In a 1959 interview with Mike Wallace, Rand posits the following:

I am primarily the creator of a new code of morality which has so far been believed impossible. Namely, a morality not based on faith, not on arbitrary whim, not on emotion, not on arbitrary edict, mystical or social, but on reason…

I’m challenging the moral code of altruism. The precept that man’s moral duty is to live for others. That man must sacrifice himself to others.

Such sentiments fell dramatically outside mainstream thought in 1959, and they remain so today. It is for this precise cause that Rand remains so controversial.

Rand’s view has a degree of merit. If taken to an extreme, selflessness can father oppression. One need only recall their terrors of Nazi Germany, the Soviet Union and Pol Pot’s Cambodia to see the consequences of collectivism. When states determine that their citizens live only for the sake of advancing their cause, tragedies occur.

However, Rand’s counter-proposal can lead to its own pitfalls. To quote again from the 1959 interview,

You don’t love everybody indiscriminately. You love only those who deserve it.

Instead of altruism, Objectivists hold that one must love conditionally.  This begs the question: who deserves love? Does a captured enemy combatant “deserve” it? Do individuals struggling with substance abuse “deserve” love? What about unrepentant criminals? Within society, there is a spectrum of moral qualities.  Consequently, individuals vary in their ability to contribute to society.  It is fair to say not all are equally worthy of love, but even so, all possess human dignity and are entitled to certain liberties. With that dignity comes moral obligation, and a degree of unconditional love. Such is the faith-based morality that Rand deplores.

In a strictly Judeo-Christian context, the Holy Bible records multiple examples of this. In both the Old and New Testaments, moral failures are repeatedly condemned. David referred to Goliath as an “uncircumcised Philistine”  (1 Samuel 17:26) and Christ had no qualms challenging the corrupt, referring to Harold as a “fox” ( Luke 13:32).  These are powerful examples of recognizing evil. Even so, the testaments also proclaim imago dei, an equality among God’s children. Thus, they all deserve a degree of love. Malachi 2:10 states that ” Have we not all one father? have not one God created us?”.  Similarly, Christ commanded his disciples to forgive their trespassers and to love one another ( Matthew 6:14-15, John 15:19). Thus a faith-based morality can recognize faults in character, while maintaining that there are universal moral obligations.

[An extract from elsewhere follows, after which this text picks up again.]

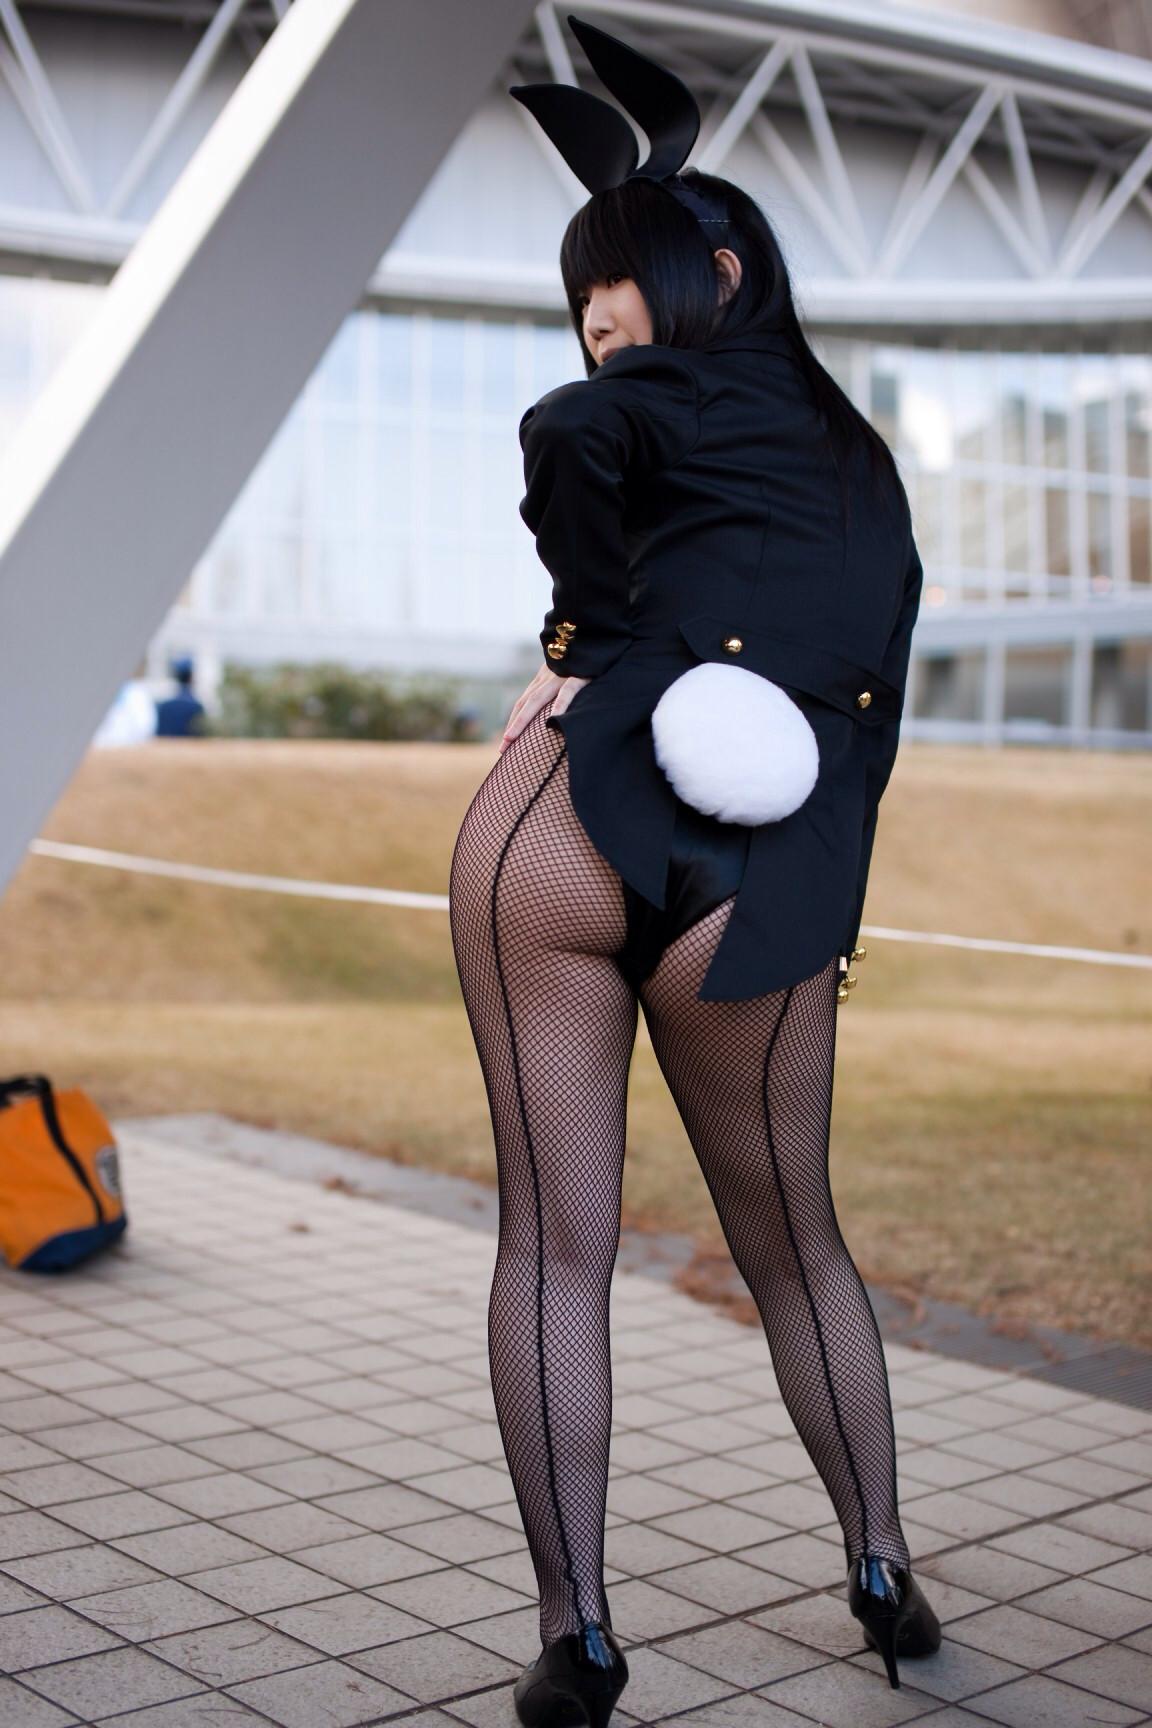 【コスプレエロ画像】尻尾のポンポンは必須wなければつけたいバニーさんのエロ尻www 19

To be absolutely clear, this is not equivalent to blind naiveté. A prosecutor, for example, can recognize the villainy of a crime lord, while respecting a defendant’s rights. Nor does the idea require collectivism. Citizens can fulfill their moral duty without being forced by the state to do so. Rand was right to praise the freedoms of individuals. Where she erred was failing to see the subtleties of love and faith.